Jim Schutt Dec. 11, 2012, 4:33 p.m. UTC | #1
On 12/09/2012 07:04 AM, Liu Bo wrote:
> On Wed, Dec 05, 2012 at 09:07:05AM -0700, Jim Schutt wrote:
>> > Hi,
>> > 
>> > I'm hitting a btrfs locking issue with 3.7.0-rc8.
>> > 
>> > The btrfs filesystem in question is backing a Ceph OSD
>> > under a heavy write load from many cephfs clients.
>> > 
>> > I reported this issue a while ago:
>> >   http://www.spinics.net/lists/linux-btrfs/msg19370.html
>> > when I was testing what I thought might be part of the
>> > 3.7 btrfs patch queue, using Josef Bacik's btrfs-next tree.
>> > 
>> > I spent some time attempting to bisect the btrfs patch queue
>> > just before it was merged for 3.7, but got nowhere due to
>> > false negatives.
>> > 
>> > I've just been able to get back to testing 3.7-rc, and found
>> > that I can still trigger the issue.
> Hi Jim,
> 
> Could you please apply the following patch to test if it works?

Hi,

So far, with your patch applied I've been unable to reproduce
the recursive deadlock.  Thanks a lot for this patch!
This issue has been troubling me for a while.

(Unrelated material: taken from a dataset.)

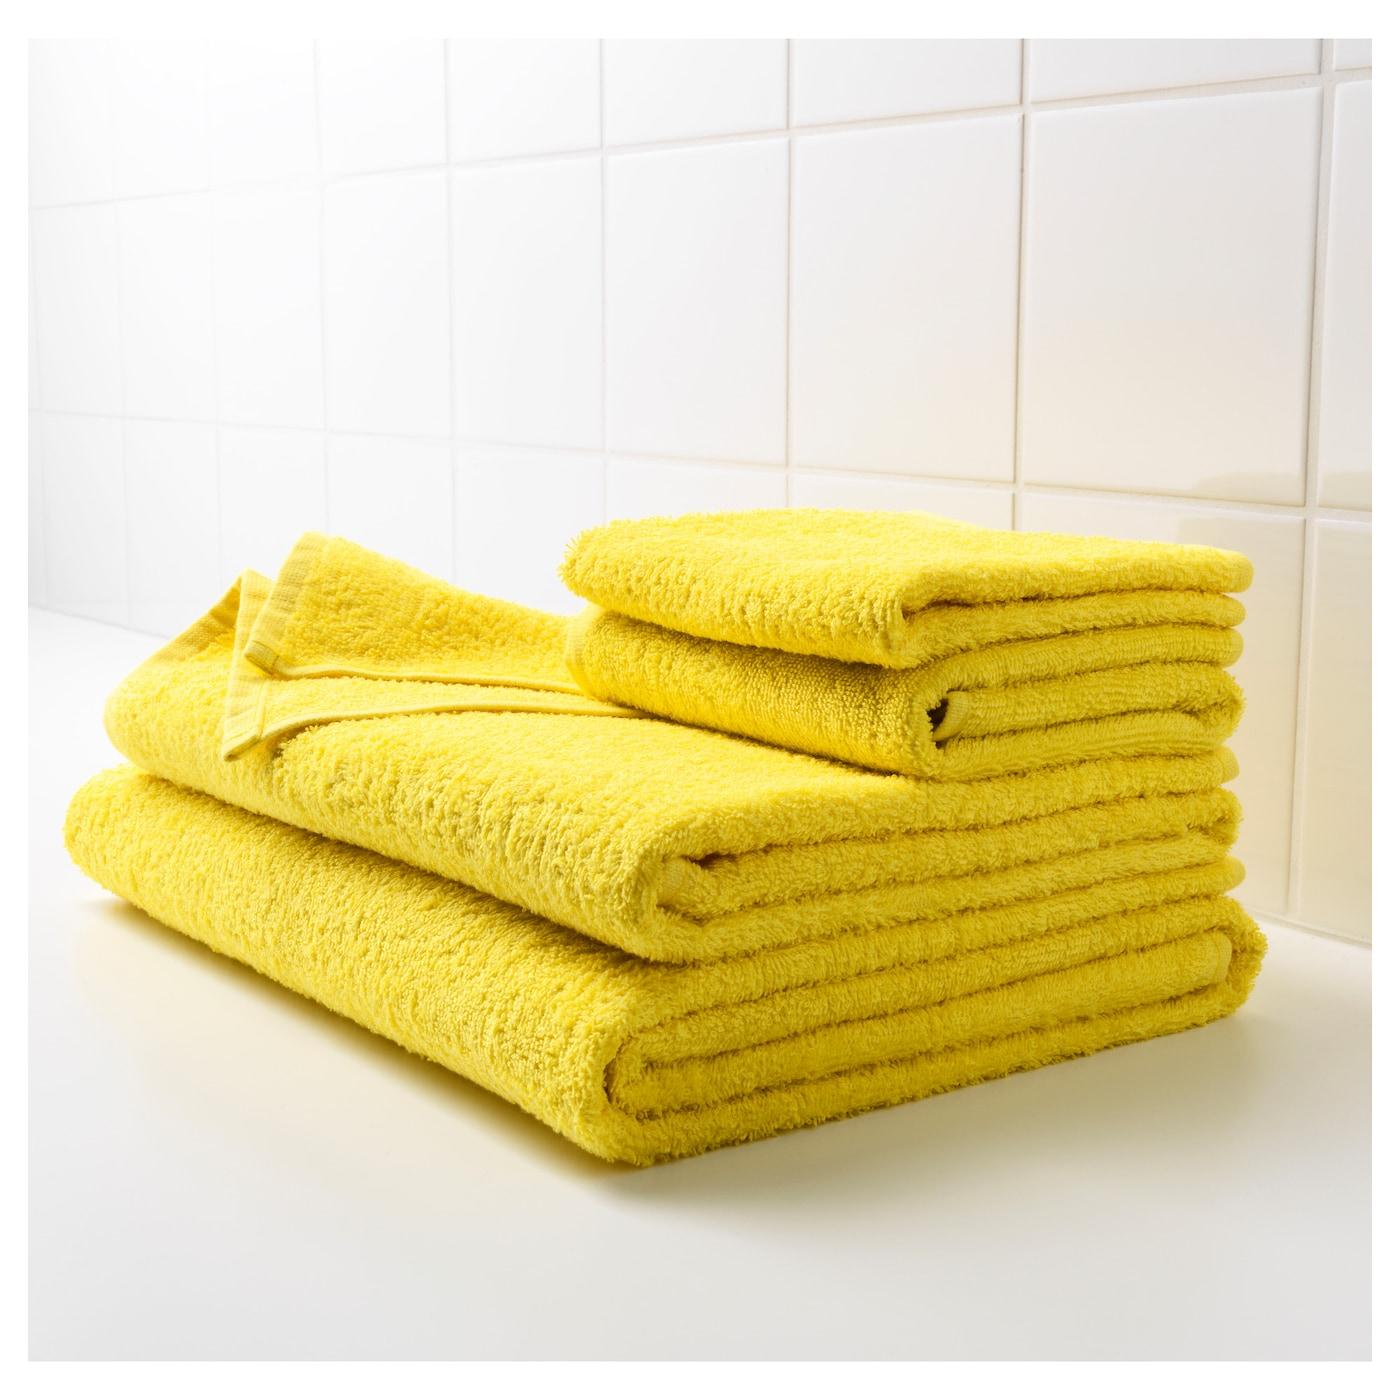 H ren bath towel bright yellow 70x140 cm ikea for Yellow rugs ikea

I've been trying to learn more about btrfs internals -
if you have the time to answer a couple questions about
your patch, I'd really appreciate it.

> 
> (It's against 3.7-rc8.)
> 
> diff --git a/fs/btrfs/extent-tree.c b/fs/btrfs/extent-tree.c
> index 3d3e2c1..100289b 100644
> --- a/fs/btrfs/extent-tree.c
> +++ b/fs/btrfs/extent-tree.c
> @@ -3346,7 +3346,8 @@ u64 btrfs_get_alloc_profile(struct btrfs_root
> *root, int data)
>  
>  	if (data)
>  		flags = BTRFS_BLOCK_GROUP_DATA;
> -	else if (root == root->fs_info->chunk_root)
> +	else if (root == root->fs_info->chunk_root ||
> +		 root == root->fs_info->dev_root)
>  		flags = BTRFS_BLOCK_GROUP_SYSTEM;
>  	else
>  		flags = BTRFS_BLOCK_GROUP_METADATA;
> @@ -3535,6 +3536,7 @@ static u64 get_system_chunk_thresh(struct
> btrfs_root *root, u64 type)
>  		num_dev = 1;	/* DUP or single */
>  
>  	/* metadata for updaing devices and chunk tree */
> +	num_dev = num_dev << 1

AFAICS this is doubling the size of the reserve, which
reduces the chance of a recursive do_chunk_alloc(), right?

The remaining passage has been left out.